Supplied entries =>
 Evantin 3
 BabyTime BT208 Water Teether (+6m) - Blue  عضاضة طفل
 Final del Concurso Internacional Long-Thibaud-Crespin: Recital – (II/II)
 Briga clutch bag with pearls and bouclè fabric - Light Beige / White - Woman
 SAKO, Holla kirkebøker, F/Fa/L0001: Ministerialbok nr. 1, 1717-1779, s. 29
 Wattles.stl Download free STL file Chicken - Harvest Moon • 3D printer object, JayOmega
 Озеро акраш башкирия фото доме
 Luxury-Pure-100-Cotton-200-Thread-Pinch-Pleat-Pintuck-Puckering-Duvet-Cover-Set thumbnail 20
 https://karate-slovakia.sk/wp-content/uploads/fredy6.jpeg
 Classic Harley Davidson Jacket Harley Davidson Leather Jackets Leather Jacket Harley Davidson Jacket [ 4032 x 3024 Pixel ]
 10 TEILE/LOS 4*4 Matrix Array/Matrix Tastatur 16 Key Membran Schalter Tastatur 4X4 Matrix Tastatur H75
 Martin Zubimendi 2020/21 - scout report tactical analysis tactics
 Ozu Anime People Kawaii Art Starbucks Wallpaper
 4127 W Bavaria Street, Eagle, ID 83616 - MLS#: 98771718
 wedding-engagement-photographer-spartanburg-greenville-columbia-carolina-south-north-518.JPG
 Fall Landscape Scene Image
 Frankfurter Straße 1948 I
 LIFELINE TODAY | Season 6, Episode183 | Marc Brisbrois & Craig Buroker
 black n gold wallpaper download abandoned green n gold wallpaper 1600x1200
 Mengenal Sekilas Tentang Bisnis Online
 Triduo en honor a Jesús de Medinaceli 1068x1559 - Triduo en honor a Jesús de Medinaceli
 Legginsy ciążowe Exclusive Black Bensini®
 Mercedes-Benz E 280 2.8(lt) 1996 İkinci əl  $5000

Task brief => Print the data again exactly.

Written reply =>
 Evantin 3
 BabyTime BT208 Water Teether (+6m) - Blue  عضاضة طفل
 Final del Concurso Internacional Long-Thibaud-Crespin: Recital – (II/II)
 Briga clutch bag with pearls and bouclè fabric - Light Beige / White - Woman
 SAKO, Holla kirkebøker, F/Fa/L0001: Ministerialbok nr. 1, 1717-1779, s. 29
 Wattles.stl Download free STL file Chicken - Harvest Moon • 3D printer object, JayOmega
 Озеро акраш башкирия фото доме
 Luxury-Pure-100-Cotton-200-Thread-Pinch-Pleat-Pintuck-Puckering-Duvet-Cover-Set thumbnail 20
 https://karate-slovakia.sk/wp-content/uploads/fredy6.jpeg
 Classic Harley Davidson Jacket Harley Davidson Leather Jackets Leather Jacket Harley Davidson Jacket [ 4032 x 3024 Pixel ]
 10 TEILE/LOS 4*4 Matrix Array/Matrix Tastatur 16 Key Membran Schalter Tastatur 4X4 Matrix Tastatur H75
 Martin Zubimendi 2020/21 - scout report tactical analysis tactics
 Ozu Anime People Kawaii Art Starbucks Wallpaper
 4127 W Bavaria Street, Eagle, ID 83616 - MLS#: 98771718
 wedding-engagement-photographer-spartanburg-greenville-columbia-carolina-south-north-518.JPG
 Fall Landscape Scene Image
 Frankfurter Straße 1948 I
 LIFELINE TODAY | Season 6, Episode183 | Marc Brisbrois & Craig Buroker
 black n gold wallpaper download abandoned green n gold wallpaper 1600x1200
 Mengenal Sekilas Tentang Bisnis Online
 Triduo en honor a Jesús de Medinaceli 1068x1559 - Triduo en honor a Jesús de Medinaceli
 Legginsy ciążowe Exclusive Black Bensini®
 Mercedes-Benz E 280 2.8(lt) 1996 İkinci əl  $5000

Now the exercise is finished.